In article <205@marvin.moncam.co.uk> paul@moncam.co.uk (Paul Hudson) writes:
>In article <20037@adm.BRL.MIL>, dsill@relay.nswc.navy.mil writes:
>> >From: Peter da Silva <peter@ficc.uu.net>
>> >... Any sort of fancy new command option scheme [will never fly in Japan].
>
>> Why not?  And why are we suddenly so concerned about internationalization?
>
>Becuase not all users of a future GNU OS will live in ths US, or use English
>as their first language. Stop being so parochial. 

Yes.  I guess a product of the Free Software Foundation's not going to do
too much to fix the trade imbalance between the US and Japan, even if it
can handle Japanese characters...
>
>Since we have a chance to remove some of the stupid retrictions in the
>existing stuff, let's do so. 8bit characters everywhere.
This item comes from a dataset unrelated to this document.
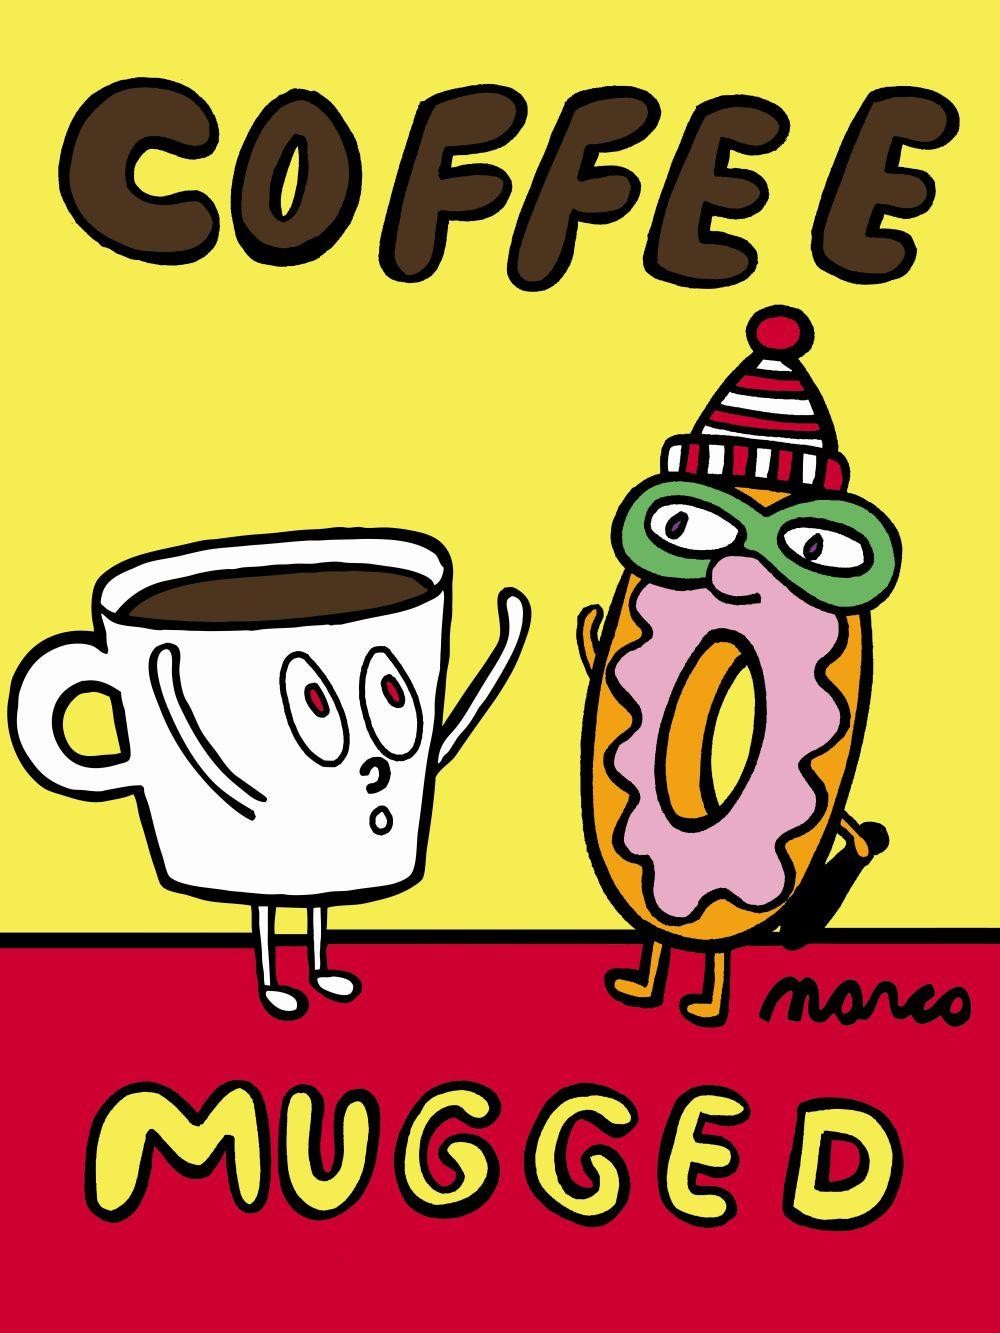 COFFEE MUGGED
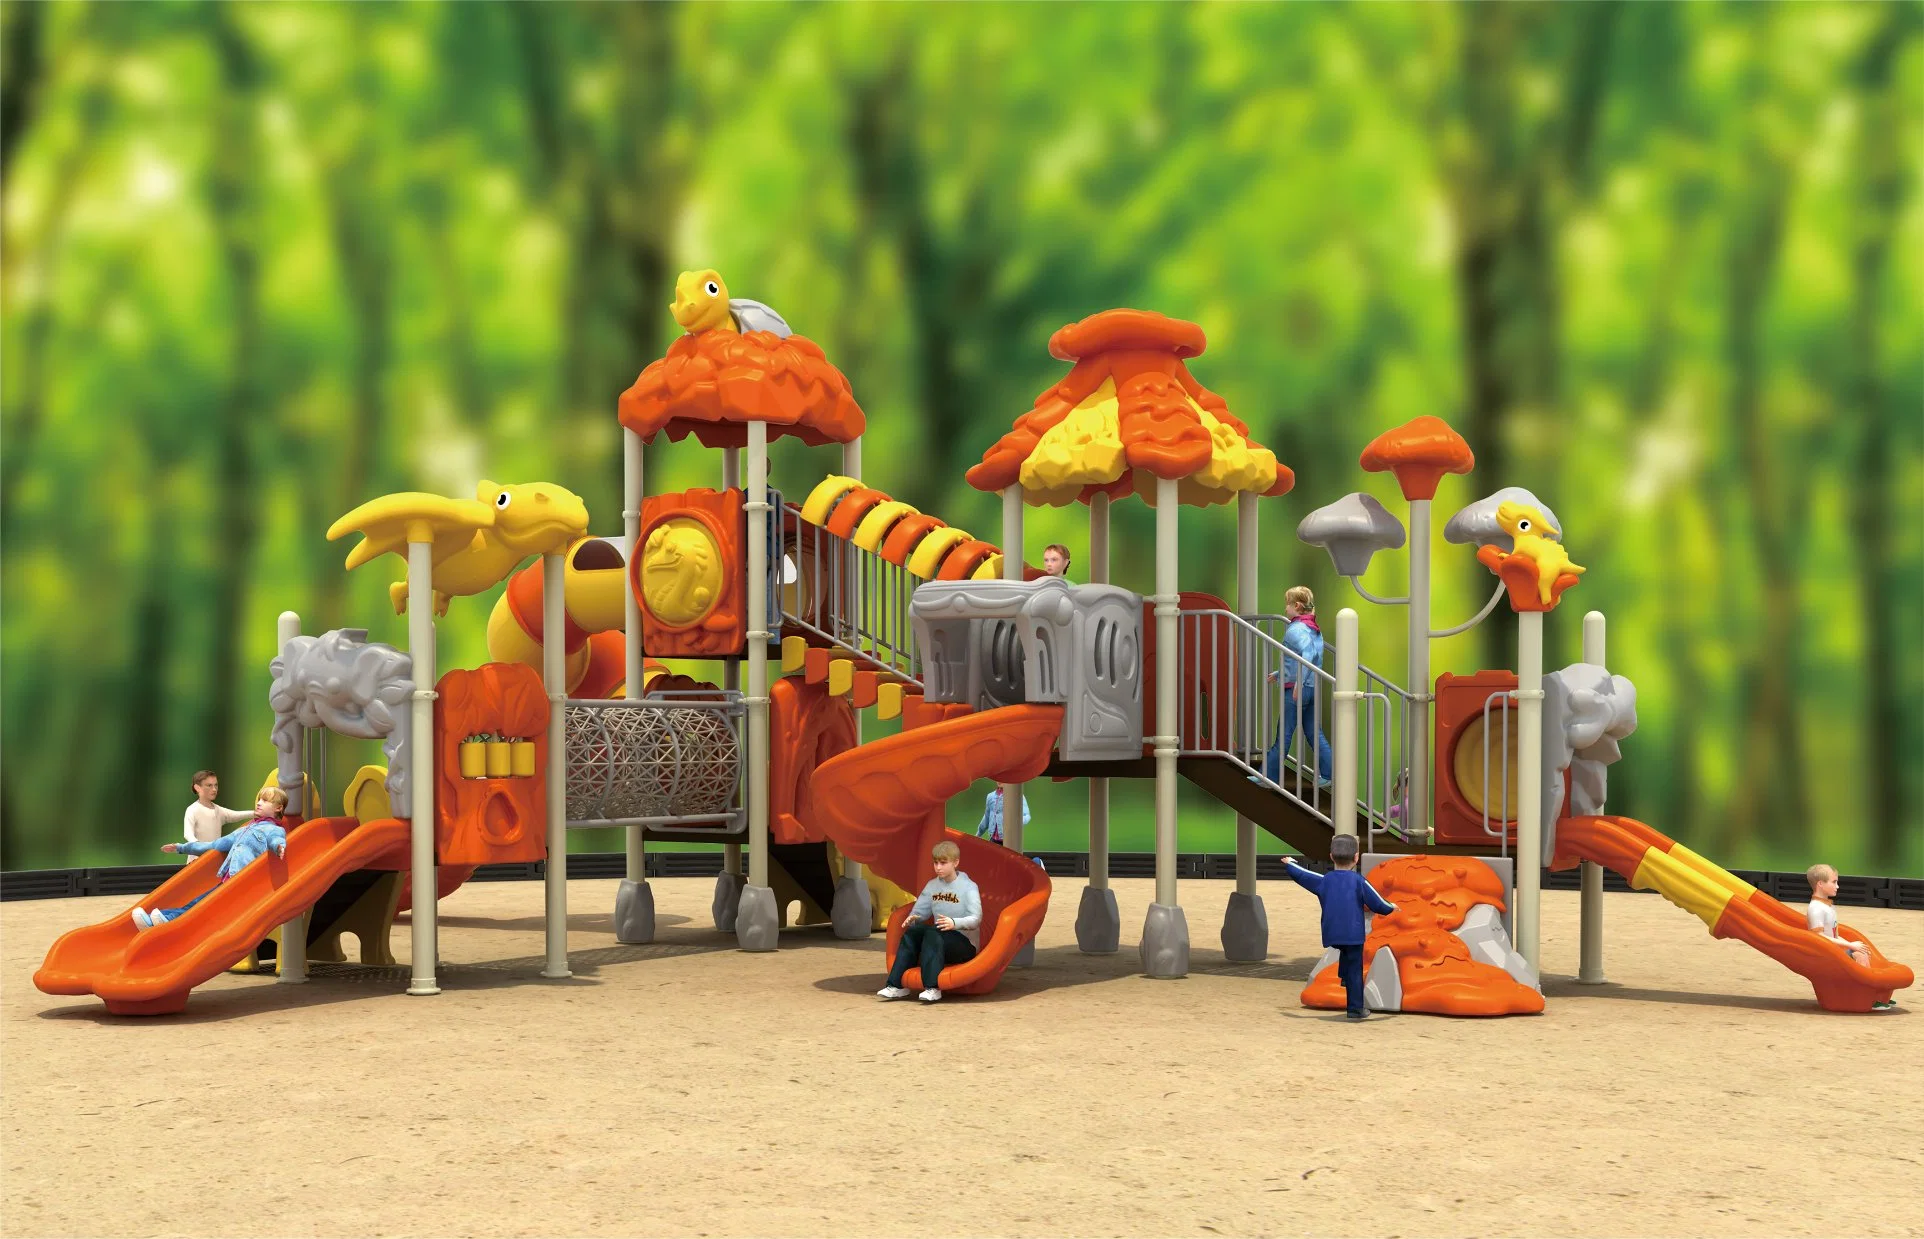 Parque de atracciones estándar europeo juguetes niños juegos de niños al aire libre

Locale-specific
>messages. Why not? Properly done it shold have little impact on what the US
>version will be like, so you shouldn't mind.

Agreed, except that eight-bit cleanliness on its own is not likely to be
sufficient in the long term: ISO is, believe it or not, working on a
``multi-octet coded character set'' (draft international standard 10646),
which is 32 bits wide (although they've only worked out what to do with 24
of them so far).  Reading it, it seems that the cleanest way to implement
anything which processes data (as opposed to communicating or storing data)
is to have a module which delivers a constant-width 32-bit version to its
input.  This allows transmission and storage to use more compact forms
laced with nasty things like shift sequences, while hiding these details
from most programs.  Thirty-two bit cleanliness, anyone?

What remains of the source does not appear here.